# Michael's Wiki

Streaming is a set of conditions:

• * Input data is so large that it cannot fit into memory
• * Have to solve a problem on it using one (or a few) passes
• * Maintain a “sketch”, a data structure much smaller than the input which is easily updated but retains important information
##### Majority Voting Problem

Election with large number n of voters. Each can write in one arbitrary name as their vote The election is won by a candidate with greater than n/2 votes (strict majority) How to find the winner using very little internal storage?

#### Solutions

In a pass where a non-winner is the current candidate, votes for the winner will not be counted for the winner later. However, throwing away that vote along with the candidate preserves a total $> \frac{n^'}{2}$ the true winner has.

• count = 0
• candidate = None
• for vote in stream:
• if count == 0:
• candidate = vote
• if candidate == vote:
• count = count + 1
• else:
• count = count - 1
• second pass through stream to count total votes and verify a winner exists
##### Straggler Detection Problem

An office building has one entrance with a guard. Most workers arrive in the morning. They may go out for lunch or breaks. They leave in the evening. The guard wants to know who is still in the building. (not how many, but the identities)
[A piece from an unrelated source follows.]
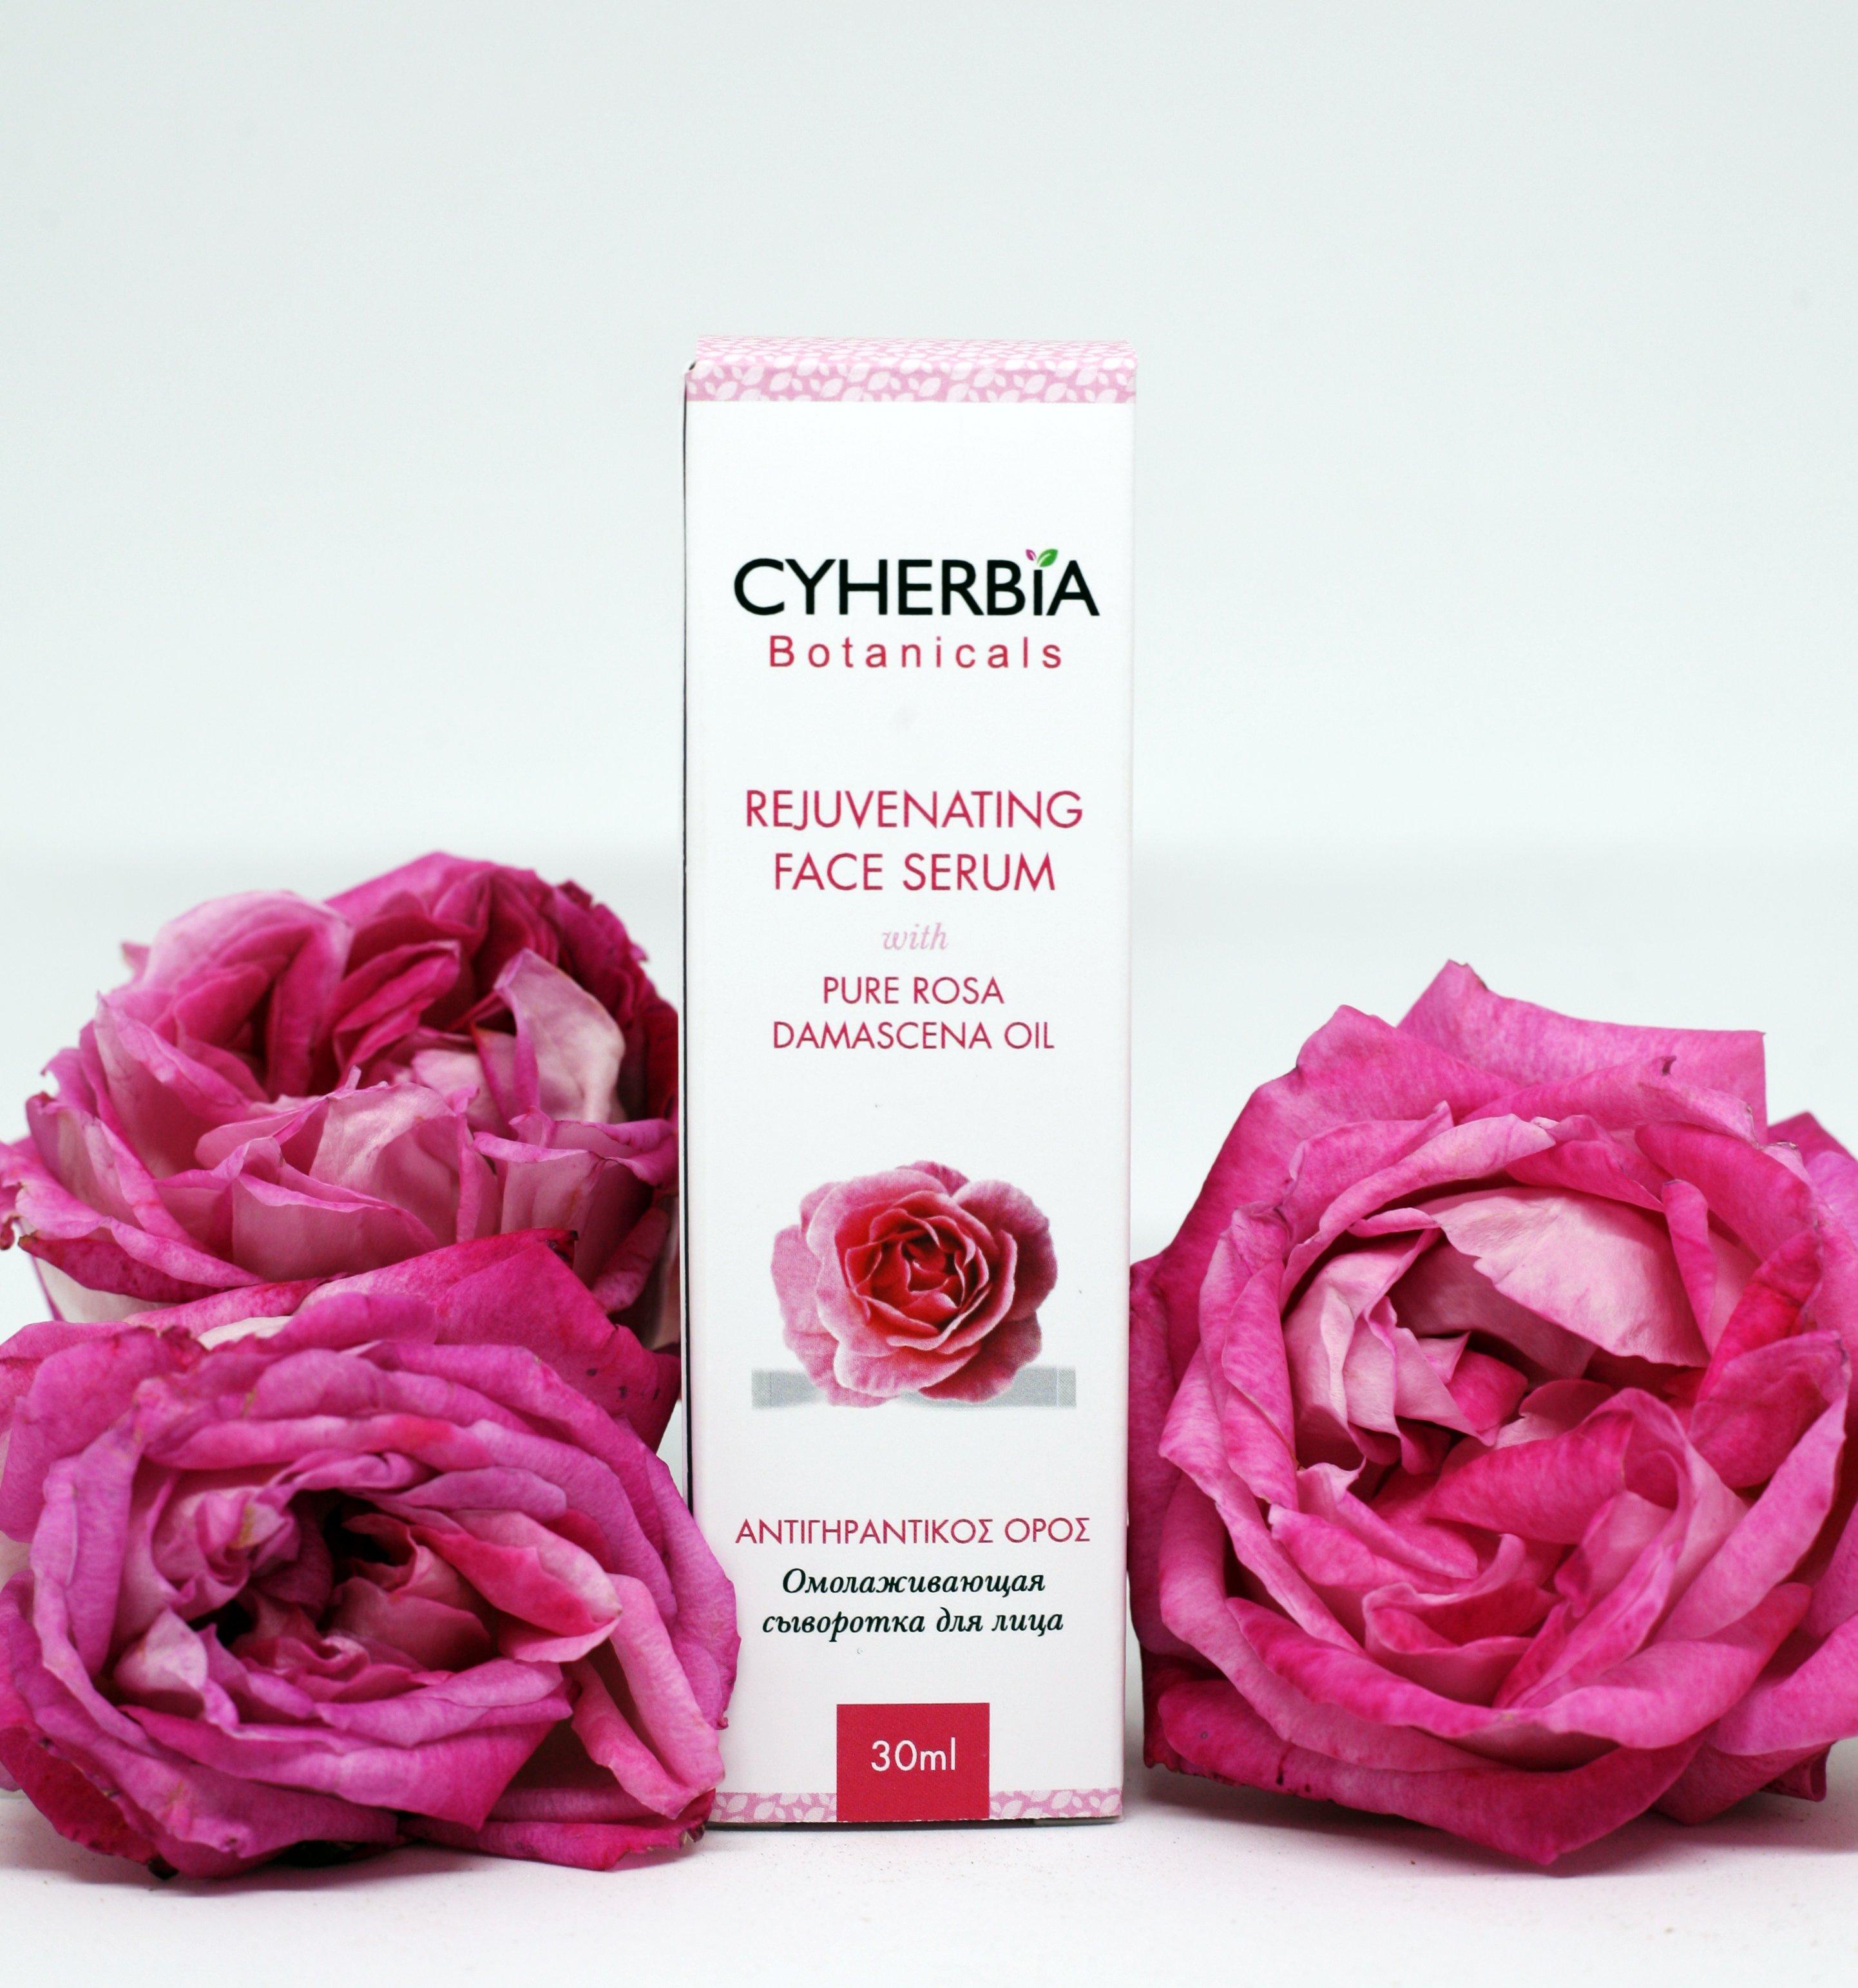 Rejuvenating Face Serum with Pure Rosa Damascena Oil, 30ml

This is a dynamic set problem with add and remove operations. When the set is small, need to report all of its elements.

#### Easier version

How to identify the missing number from 1-100 out of the remaining 99?

• * missing one = $\left[ \sum_{i = 1}^{100} i \right] - \left[ \sum x \right]$ for inputs x

#### Invertible Bloom Filter

Use an IBF to keep track during the day. Then at the end of the day use the IBF's decode() function.